Rein vom Gefühl her klingt das schon nach 'nen merkbaren Unterschied. Aber vielleicht ist es das ja wirklich nicht und der entstehende Wasserdampf verflüchtigt sich einfach schnell genug.

Die 100 Personen produzieren diese 10 kW Wärme völlig unabhängig davon, ob der Wagen klimatisiert ist oder nicht. Von daher macht es keinen Unterschied, richtig.
Re: Stadler J/JK
03.05.2022 14:56
Zitat
andre_de
Und wer behauptet, dass insbesondere im Kleinprofil im Sommer eine Klimaanlage total überflüssig wäre, nutzt diese wohl insbesondere auf den langen Hochbahn-Abschnitten nicht.

Schön und gut, aber wo und wie möchtest Du in Kleinprofilzügen jetzt bitte sinnvoll Klimaanlagen mit sämtlichem notwendigen Zubehör einbauen? Das Ganze muss ja dann doch einigermaßen funktionsfähig und wartungsfreundlich sein, darf aber im Fahrzeug auch kaum zusätzlichen Platz beanspruchen...

Viele Grüße
Arnd
Re: Stadler J/JK
03.05.2022 15:23
Zitat
Arnd Hellinger
Zitat
andre_de
Und wer behauptet, dass insbesondere im Kleinprofil im Sommer eine Klimaanlage total überflüssig wäre, nutzt diese wohl insbesondere auf den langen Hochbahn-Abschnitten nicht.

Schön und gut, aber wo und wie möchtest Du in Kleinprofilzügen jetzt bitte sinnvoll Klimaanlagen mit sämtlichem notwendigen Zubehör einbauen? Das Ganze muss ja dann doch einigermaßen funktionsfähig und wartungsfreundlich sein, darf aber im Fahrzeug auch kaum zusätzlichen Platz beanspruchen...

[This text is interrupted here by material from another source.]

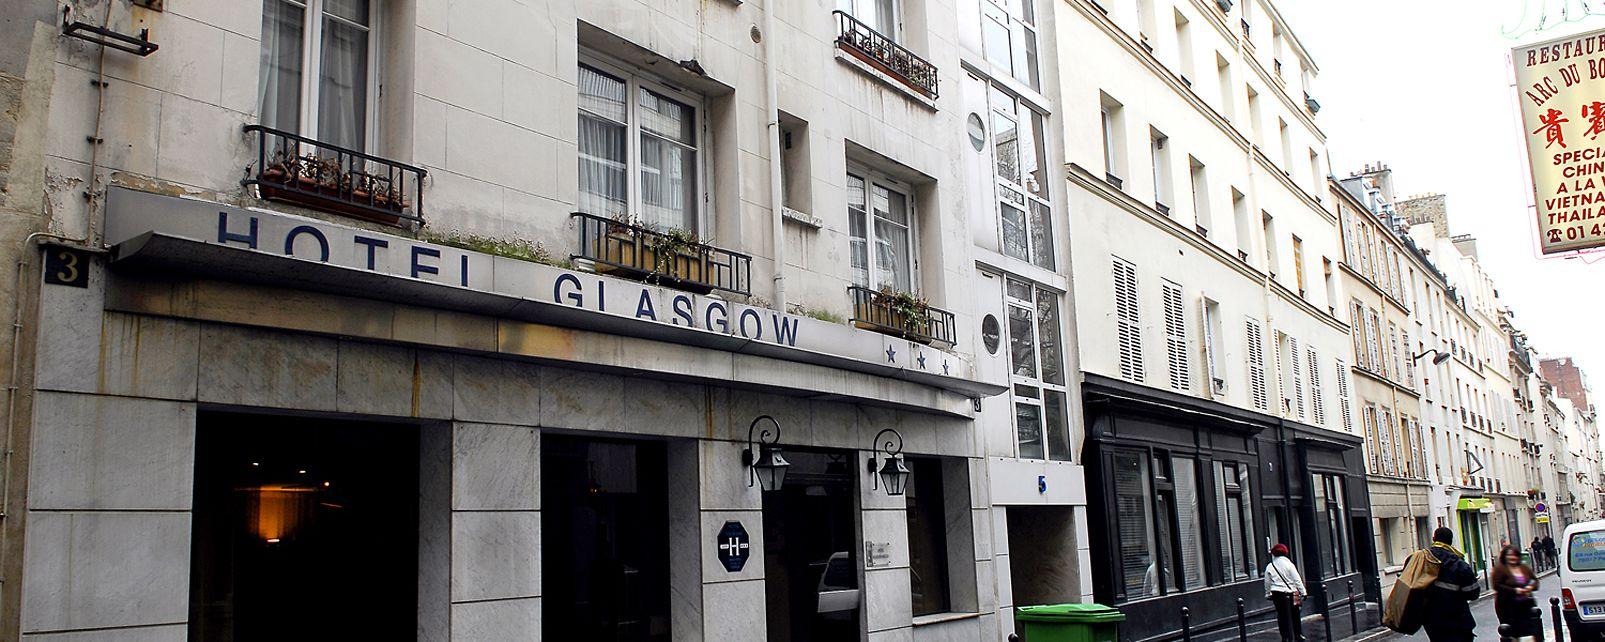 Hotel Glasgow

Wohl sinnvollerweise unter dem Fußboden ;-) Aber die Frage musst Du nicht mir stellen. Vielmehr hätte man diese Frage den Herstellern als Teil des Lastenhefts stellen müssen, sodass deren Ingenieure kreativ werden können (siehe S-Bahn-Baureihe 483/484). Leider hat man das aber seitens BVG bereits frühzeitig ausgeschlossen und den Herstellern gar keine Chance zur Lösungsfindung gegeben.